My questions include the following:
  • If the University of Texas is doing as well as Powers would have its employees believe, what rationale supports the decision to freeze staff raises just in case?

  • If this decision is an effort to get UT in front of the curve, how much money does the University expect to save through this move, and what are the plans for allocating that money?

  • Why is staff salary frozen while faculty are still eligible to receive merit increases? If belt-tightening is underway, shouldn't it be more fairly distributed?

  • Aren't some of the so-called "austerity measures" being undertaken at other universities intended to cut the fact that made sense during flush times and make less sense given the current budget crisis?

And lastly,
  • What do UT affiliates--faculty, staff, students and alumni--think about this and other budget-related decisions made by the university?

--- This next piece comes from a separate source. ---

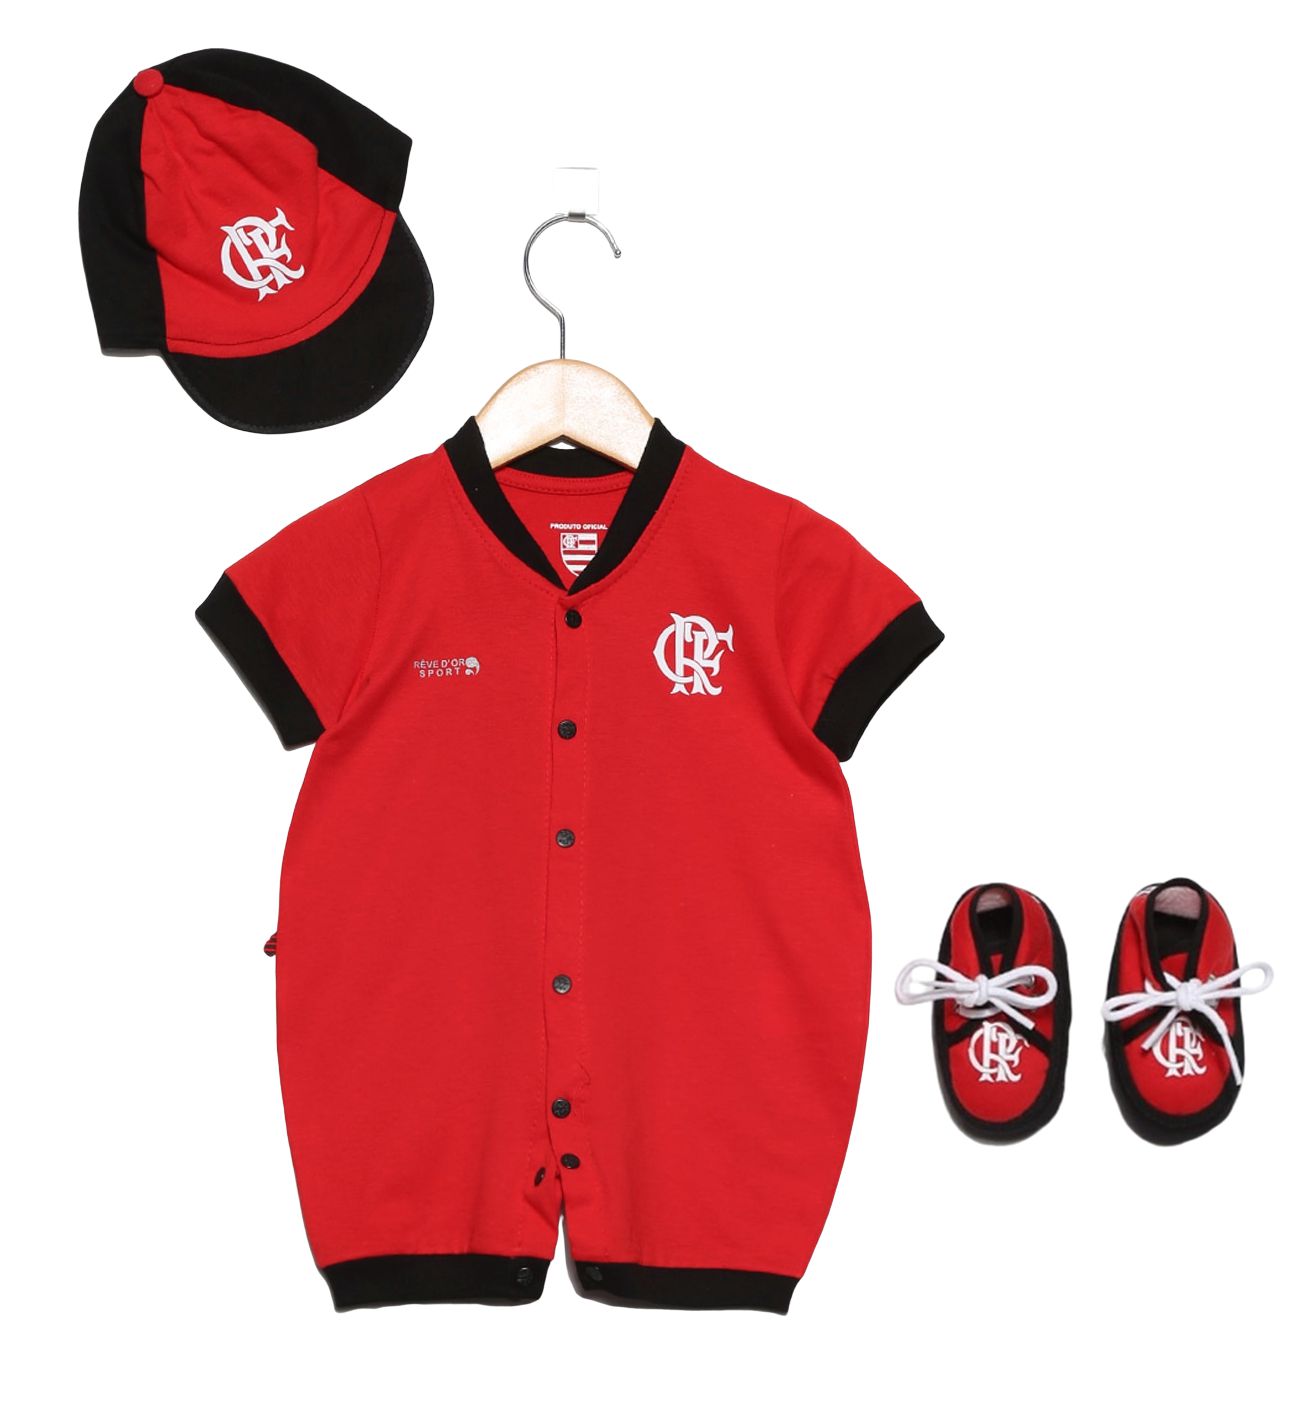 Kit 3 Camisas Do Flamengo Masculina Oficial Licenciado Tamanho:P

I'd love to hear from anyone who can help me answer these questions. You can post anonymously to this blog, but if you want an added promise of anonymity, you can email me directly at jennamcjenna(at) I guarantee to keep your identity private.


Anonymous said...

When you're making $200,000 (or even $100,000)-plus, as many faculty and 'senior administrators' well do, that 3% increase doesn't even really matter if you happen to skip a year or two. Whom this really hurts, as 'senior administration' well knows, are the staff making $30-$60 a year, which is the vast majority of those working for the University. With inflation and ever-rising insurance premiums (why UT still doesn't offer dental nonplusses me), as usual, they are the ones being screwed over again.

Oh, and not one bit impressed with Bill so far.

University of Texas said...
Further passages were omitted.